Saisis dans leur intégralité, ces différents domaines qui, à leur façon, mettent en cause l’intégrité des compétences des Etats et de l’Union européenne ainsi que leur autonomie, finissent par constituer quelque chose de fondamental et d’existentiel pour les Etats et l’Union européenne: leur indépendance, leur capacité à garder la maîtrise de leurs compétences les plus fondamentales et à appliquer les valeurs qui fondent leur identité et structurent les rapports sociaux.
Le numérique a créé une rupture par la prise de conscience, commune à tous les Etats en Europe et au-delà, de leur incapacité individuelle à exister, défendre leurs valeurs, leur modèle, leur économie et leurs citoyens seuls dans le cyberespace : la domination économique des plateformes américaines et chinoises, la puissance technologique des Etats Unis et de la Chine ont révélé sous un angle assez cruel l’impuissance des acteurs étatiques sur la scène internationale. Face aux campagnes de désinformation et de manipulation de l’opinion pour déstabiliser les démocraties libérales, aux cyberattaques des infrastructures sociales essentielles, à l’impuissance des économies à lutter contre la puissance de marché des plateformes, à la captation des données des citoyens et des industries et à un retard technologique devenu évident, le sentiment d’impuissance individuelle des Etats européens a placé la question de la souveraineté numérique au cœur des enjeux internationaux. Les stratégies de certaines puissances étrangères qui ciblent les processus démocratiques des Etats par de multiples campagnes de désinformation et de manipulation des opinions publiques sont au cœur d’une guerre hybride qui interrogent les formes conventionnelles de défense des Etats.
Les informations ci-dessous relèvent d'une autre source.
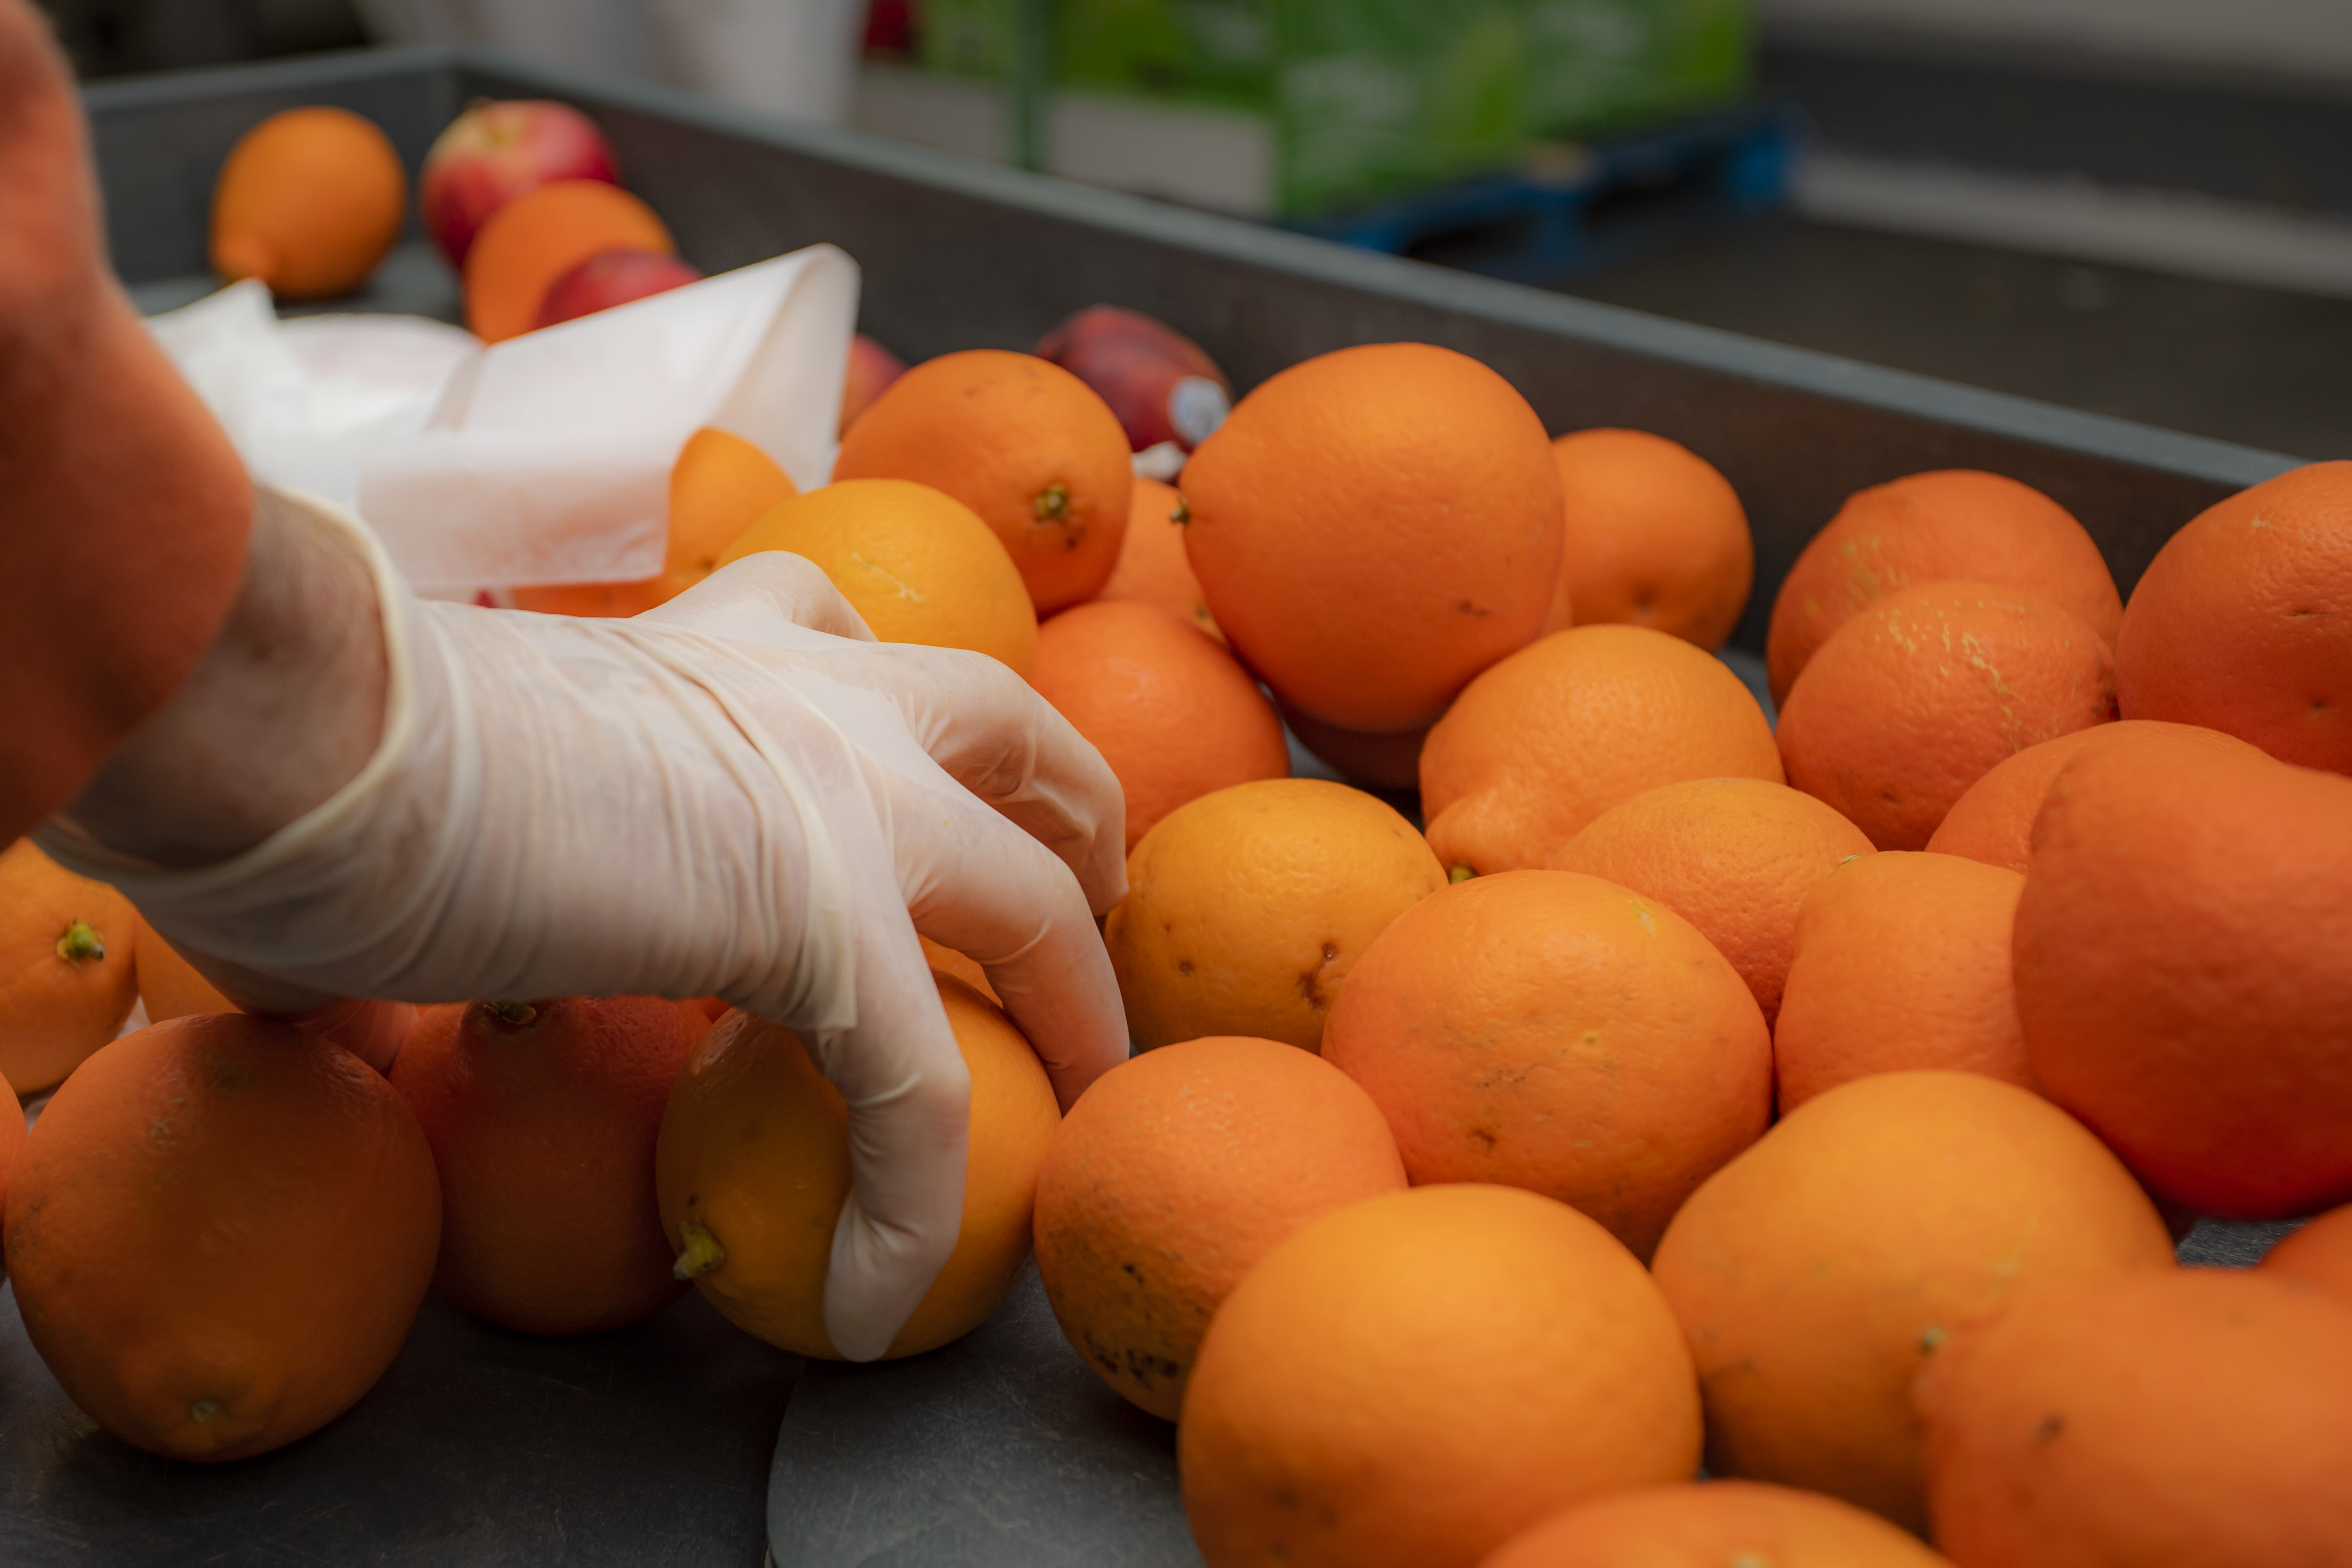 Oranges being sorted

Les révélations d’Edward Snodwen sur l’ampleur de la surveillance numérique de toutes les plus hautes autorités politiques européennes par les agences américaines, et de la façon dont ces informations ont pu servir les intérêts américains avaient certes créé une prise de conscience forte au niveau international. La stratégie de surveillance globale des principales puissances étrangères aux fins de manipulations géostratégiques est telle qu’elle ne peut pas ne pas affecter quelque peu au passage la puissance de l’Etat. La puissance économique des géants du numérique, dont le chiffre d’affaire approche parfois les recettes fiscales étatiques, restructure le rapport de force économique au niveau international. L’invasion russe en Ukraine et les stratégies de désinformation qu’elle déploie ont peut être achevé de convaincre certains Etats de la nécessité d’agir plus collectivement.
La souveraineté numérique semble inverser la problématique de la souveraineté : elle renvoie à une souveraineté à l’envers, c’est-à-dire à l’idée que la souveraineté de l’Etat est de multiple façons mise en cause par la transition numérique et que seule l’échelle européenne, voire internationale, peut limiter, peut-être corriger, ces atteintes. Les Etats sont confrontés à des plateformes numériques ou des puissances étrangères qui ont les moyens d’être non seulement leur égal, mais peut-être aussi leur supérieur et leur concurrent.
La conceptualisation de la souveraineté numérique européenne ne consiste pas à projeter la théorie de l’Etat au niveau européen mais à penser l’indépendance voire la mise en capacité d’agir, « l’empowerment », de la puissance publique européenne dans une situation mondiale dans laquelle elle n’a pas su trouver sa place : rendre aux Etats européens une capacité d’agir dans un monde reconfiguré par le numérique.
Les enjeux sont multiples et appellent une réflexion qui permet de croiser les regards sur les questions de droit international, droit européen, géopolitique et relations internationales.